И поспешила выйти. Побрела по коридорам, потом по темному городу.
Еще один день прошел. Лариса его не заметила - его будто и не было для нее. Но и для Ярославы тоже. Они словно вместе провалились в какую-то яму и никак не могли выбраться.
С того дня отношения с подругами в институте стали портиться все больше. То ли Марина свою роль сыграла, то ли на Ярославу напавшая апатия дурно повлияла, только не было уже тех откровений и доверия, что были раньше между подругами. Даже этот маленький кружок разбился на мелкие осколки: Инна и Света, Марина и Люба, и Ярослава - одна.
Гриша тоже с того дня, как поссорились ни разу не появился, не позвонил.

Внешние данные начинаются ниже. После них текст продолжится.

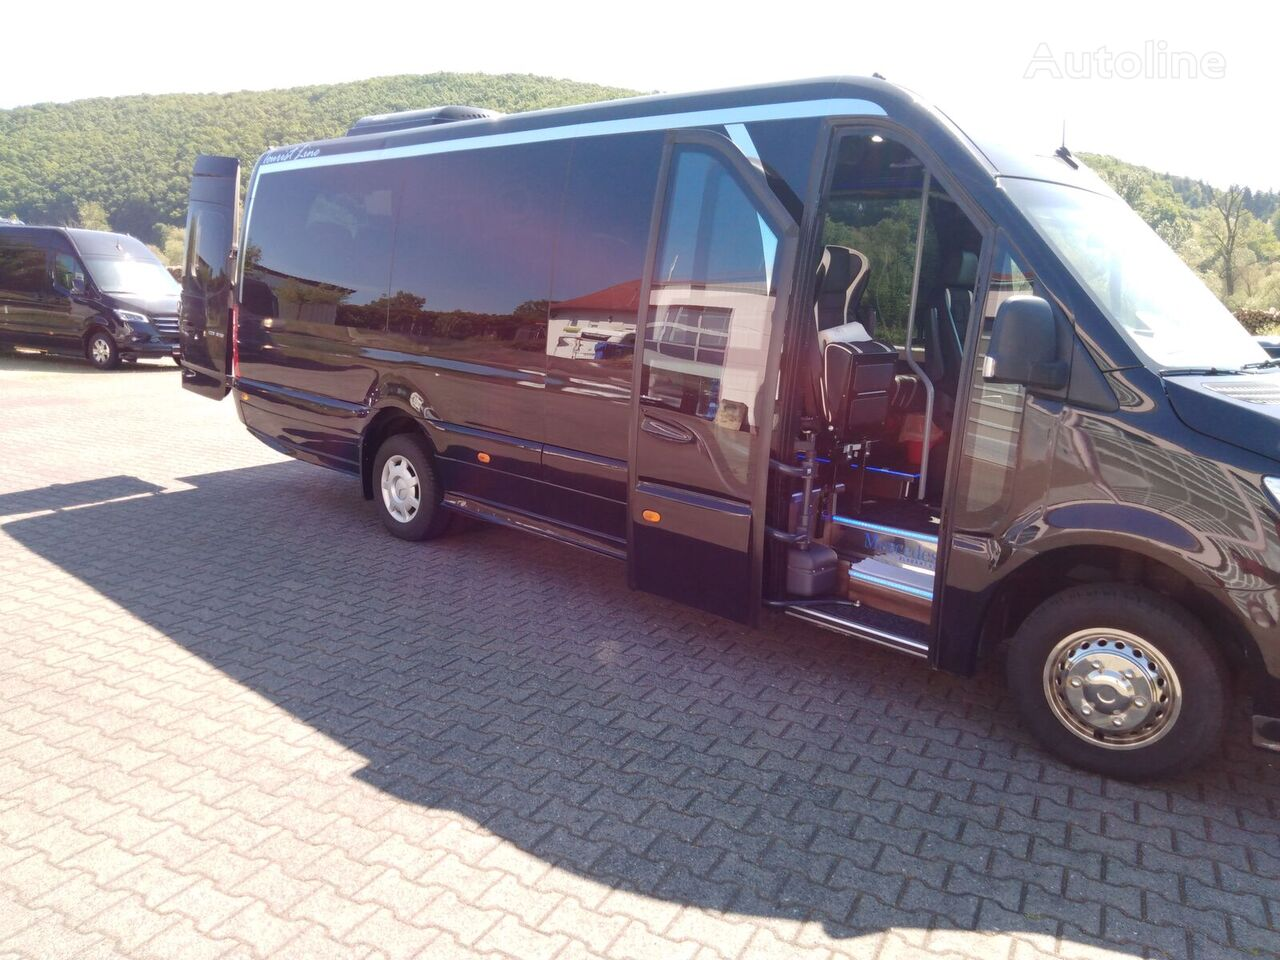 MERCEDES-BENZ Sprinter VVW 516CDI Autom TELMASchw 24 ,Panorama, KL,KS.SS uvm Reisebus
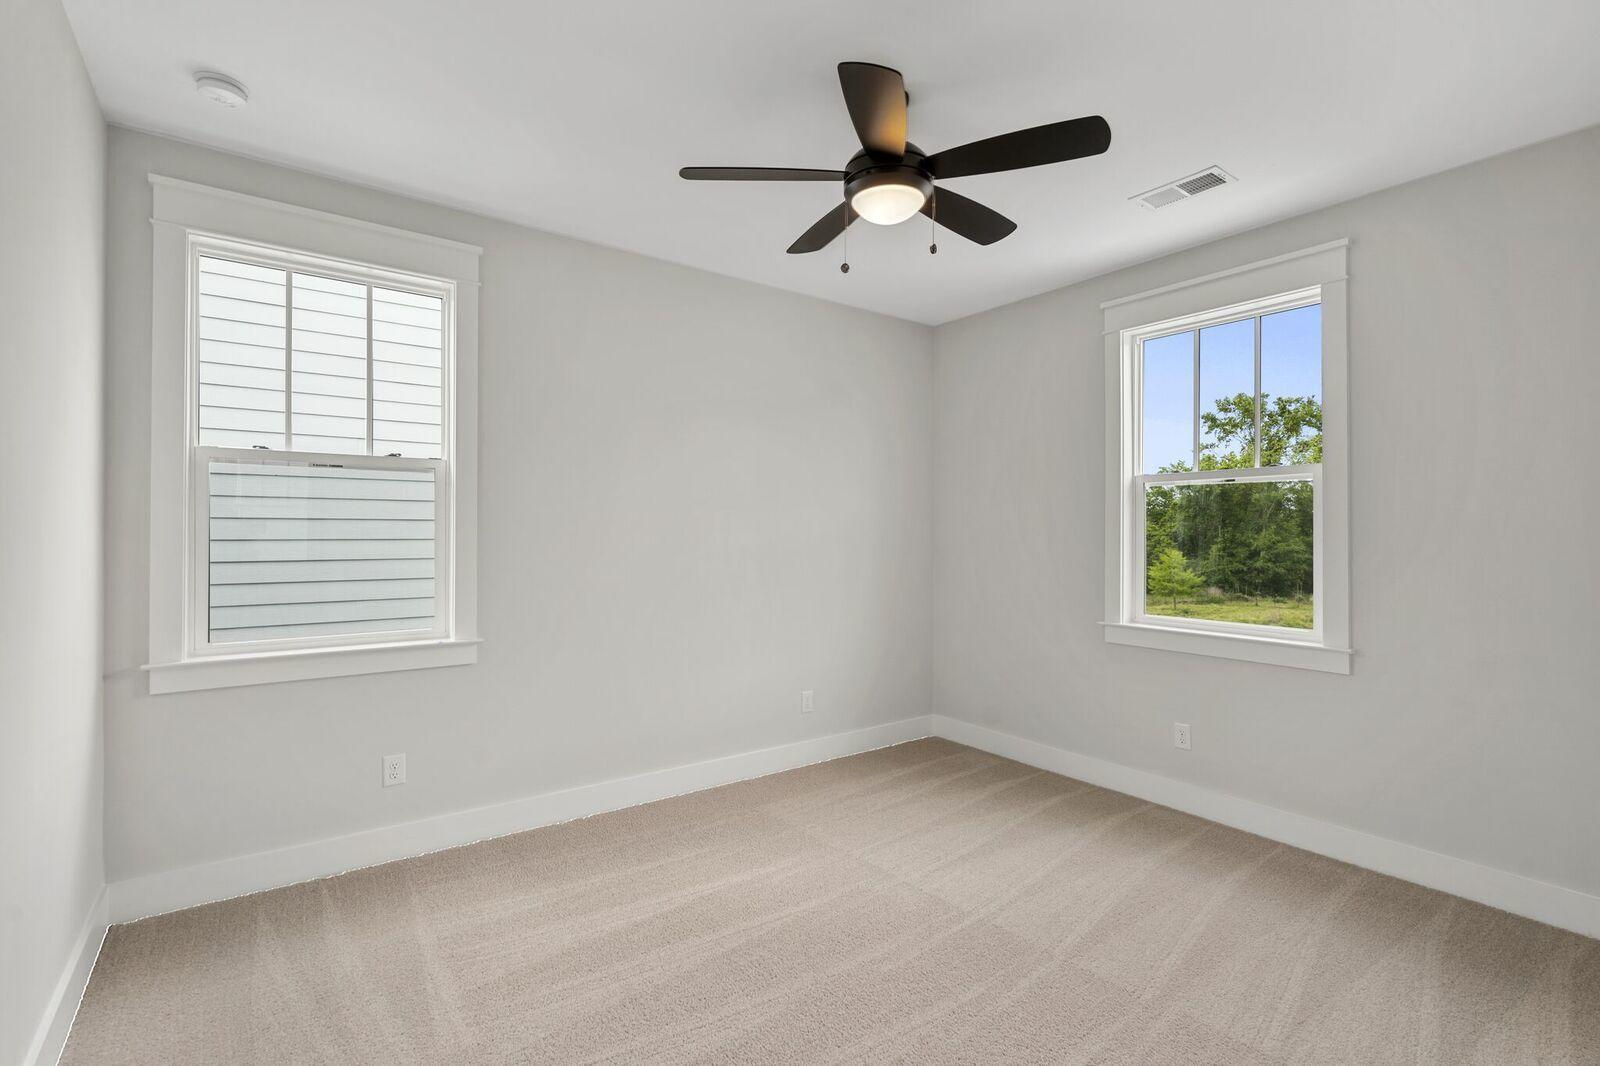 Midtown Homes For Sale - 1533 Kepley, Mount Pleasant, SC - 15

Девушка часто брала телефон в желании позвонить самой, но то не знала, что сказать, то была неуверенна - надо ли, то гордость верх брала и телефон возвращался в сумку или на тумбочку.
Жизнь текла, как песок меж пальцев, а куда и зачем было неясно.
Все как-то посерело, потеряло смысл и как Ярослава не барахталась, не пыталась вытащить себя за волосы из трясины депрессии, как барон
Мюнхаузен из болота - не получалось.
Лешинский ждал звонка, но прошла неделя, пошла вторая, и к субботе он понял - не дождется.
Положенное перед ним Боксером досье на Суздалеву было хлипким и мало информативным. Родилась, училась, уехала. Ничего интересного, разве что два приметных факта - первая любовь, бурная и бунтарская, резко вспыхнувшая, потрясшая родителей влюбленных и закончившаяся как большинство подобных увлечений - ничем. Парень мило махнул ручкой своей "любимой", найдя следующую "любимую". У Ярославы сделать тоже самое не получилось.